Esasen Weber’in mesleğe ilişkin orijinal gibi sunulan bu yaklaşımı, asır­lar önce Müslüman düşünürler tarafından da ortaya konulmuştur. Şu farkla ki, Müslüman düşünürler bu anlayışlarını, çıkarsama yoluyla ulaştıkları insânî bir düşünceden değil, inanç yoluyla ulaştıkları ilâhî bir veriden hareketle ulaşmış­lardır. İslâmî öğretiye göre insan, evrene yön verecek olan halifedir. İnsan; an­cak önünde bulduğu sınırsız imkânlara sahip bu evrene şekil verebildiği oranda başarılı olabilir. Tanrının insanı yaratma amacı veya ondan beklentisi, evrene yön verme görevini sağlıklı bir şekilde yerine getirmesidir. Buna göre insanın kaderi veya görevi, kendisine yaraşır bir şekilde evrene şekil vermesidir. Şu hal­de insan; ancak evrene yön verebildiği oranda kendini gerçekleştirebilir.

  1. Müslüman İş Ahlakı

Gerek toplumdaki iş paylaşımının sürdürülebilir bir şekilde devamı ve gerekse bireysel kontrol odağının sağlıklı bir biçimde temellendirilmesinde dindarlığın oldukça önemli bir etkisi vardır (Torun, 2002: 95; Çapcıoğlu, 2013: 407-8). İs­lâmî öğreti, bireysel ve toplumsal olarak insanların özgür olmalarının yolunun sıkı bir çalışmadan ve kaliteli üretimden geçtiğini öngörmektedir (Uçanakok, 2004: 3) Buna rağmen, Müslüman toplumların neden bu ilkeleri içselleştire- medikleri konusunda değişik yaklaşımlar vardır. Kanaatimizce bu sebeplerin en önemlilerinden biri, geleneksel Müslüman düşüncesinin dünyayı algılama biçi­midir. Buradaki “Müslüman düşüncesi” kavramını bilinçli olarak kullanıyorum. Çünkü gerçekte İslâmî düşüncenin dünyaya ve iş hayatına teorideki bakış açısı ile Müslüman halkların bu teoriyi uygulamada sergileme biçimlerinin aynı ol­madığı düşüncesindeyiz.

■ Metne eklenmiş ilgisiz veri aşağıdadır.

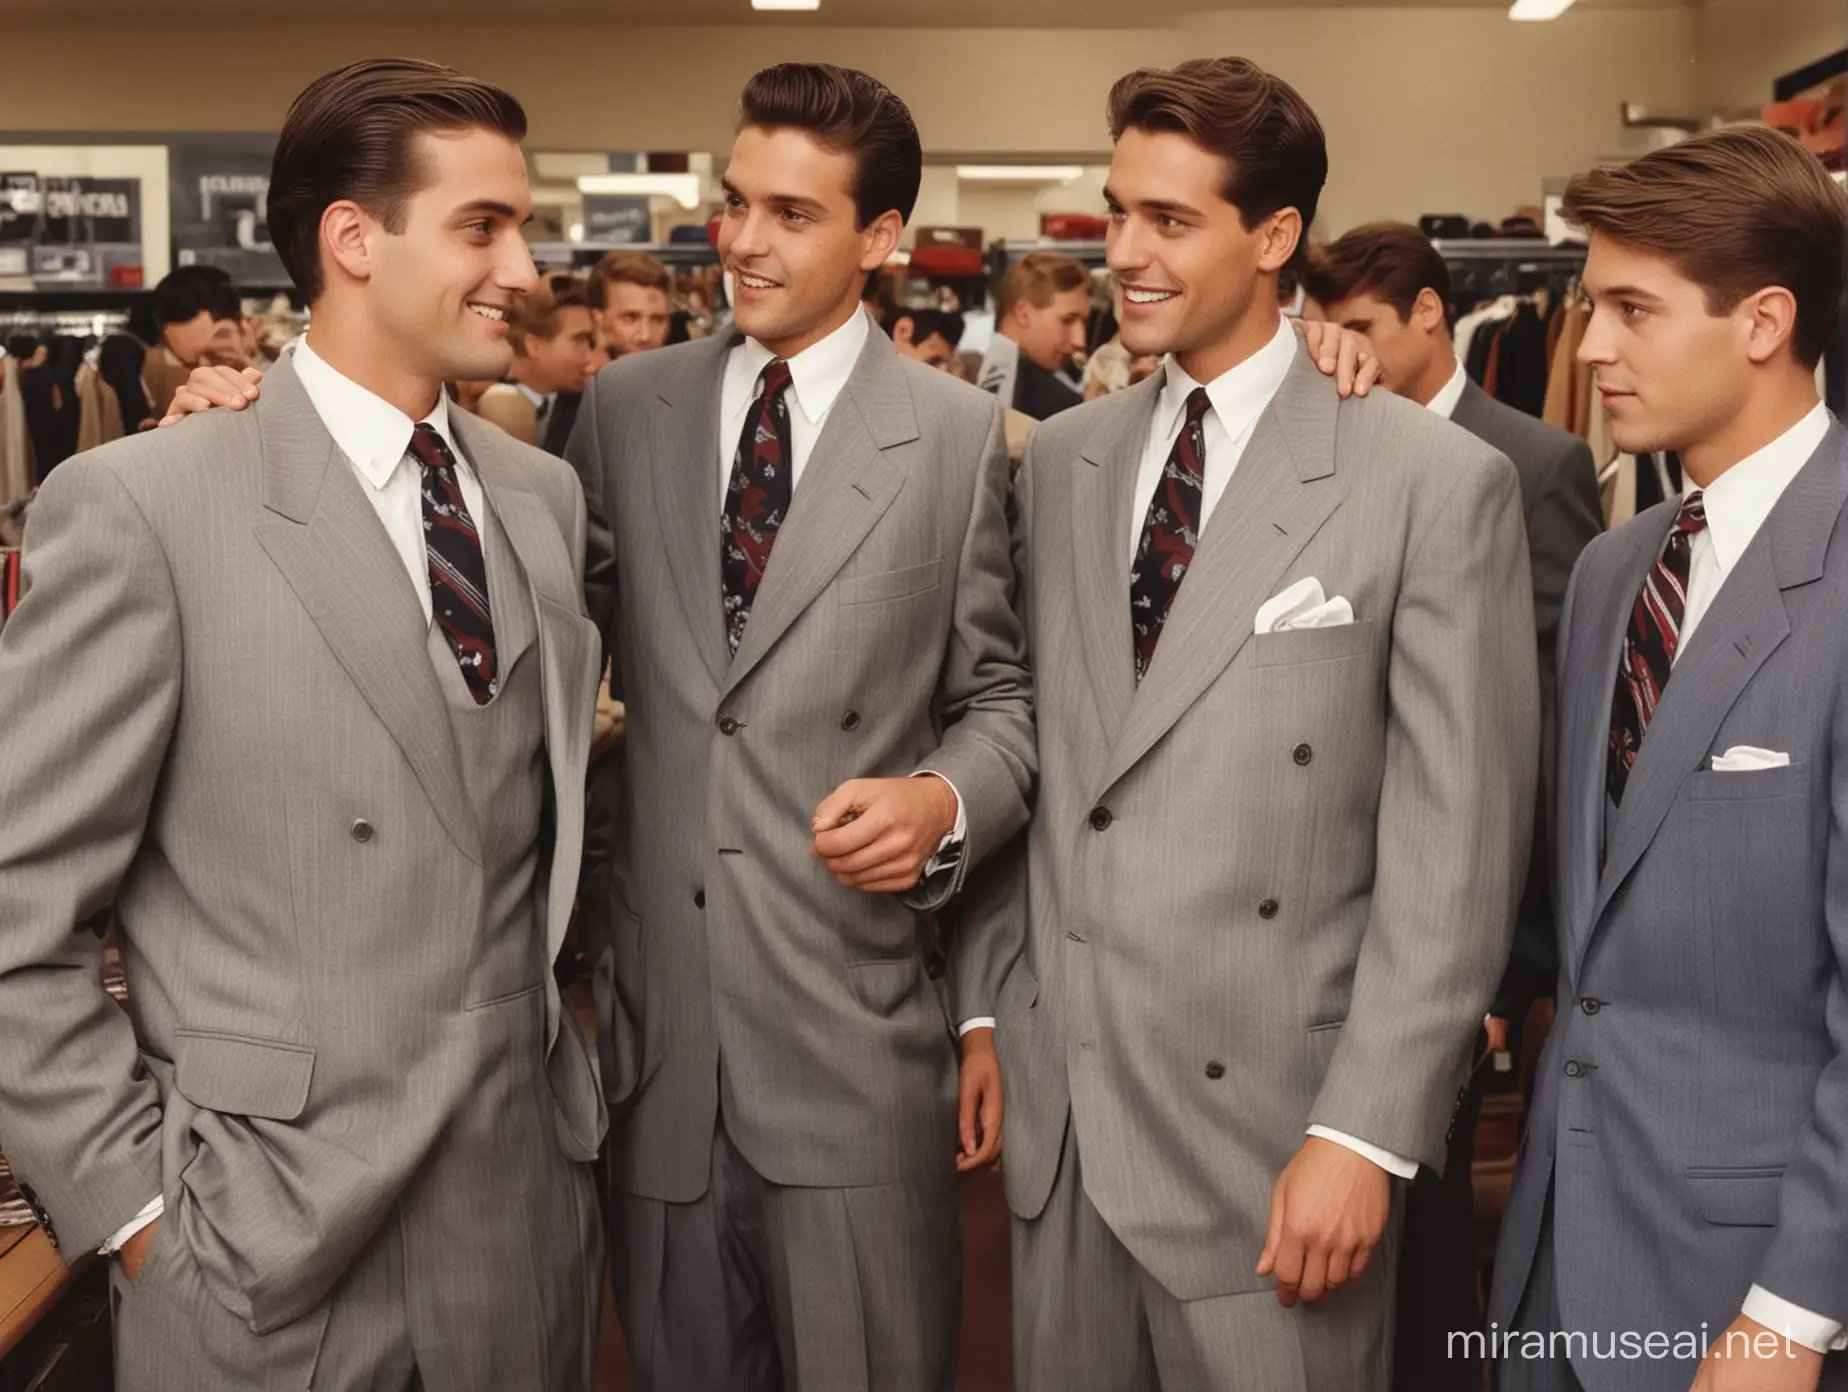 Men Trying Affordable Oversized Suits at JCPenney

Müslümanlar, dünyayı gelip geçici ve değersiz bir değer olarak gördükleri için onunla gerektiğinden fazla ilgilenmeyi basitlik hatta bazen günah olarak görmüşlerdir. Peki, buradaki “fazladan” ifadesinin sınırlarını belirleyen nedir? Dahası geleneksel Müslüman düşüncesine hâkim olan dünyanın değersiz bir âlem olduğu düşüncesi ne derece gerçeği yansıtmaktadır? Bu ve benzeri soru­ları çoğalmak mümkündür; ancak burada üzerinde önemle durulması gereken husus, günümüz Müslümanlarının çalışmayı neden bir yaşam biçimi haline ge­tiremedikleri değil, İslâmî düşüncenin iş ahlakına dair genel ilkelerinin ne ol­duğudur. Bu ahlâkî ilke ve metotların genel olarak neler olduğunun bilinmesi yararlı olacaktır.

İslami öğretinin iş ahlakı için öngördüğü temel ahlâkî ilkeler, gerçekte onun genel hayat için öngördüğü ilklerden bağımsız değildir. Dolayısıyla İslâmî öğre­tinin toplumsal ilişkiler için tavsiye ettiği, -fıkıh ilminde farz ve vacip olarak kavramlaştırılan- Kur’an’ın tüm emir ve yasaklarını iş ahlakı için de kabul etmemiz mümkündür. Aynı şekilde Hz. Muhammed’in adâb-ı muaşeret kapsamında de­ğerlendirilen kardeşlik, cömertlik, îsâr, yardımlaşma gibi davranışları da İslâmî öğretinin iş ahlakına ilişkin çözümlerinden sayabiliriz. Yine daha önceden de bahsi geçtiği gibi insanın doğuştan getirdiği ve tüm insanlarda ortak bir değer olarak mevcut olan iş ahlakına ilişkin ahlâkî ilkeleri, İslâmî iş ahlakının öngör­düğü çözümlerden saymamız mümkündür (Zaim, 2013: 186; bkz. Çapcıoğlu, 2013: 407-8).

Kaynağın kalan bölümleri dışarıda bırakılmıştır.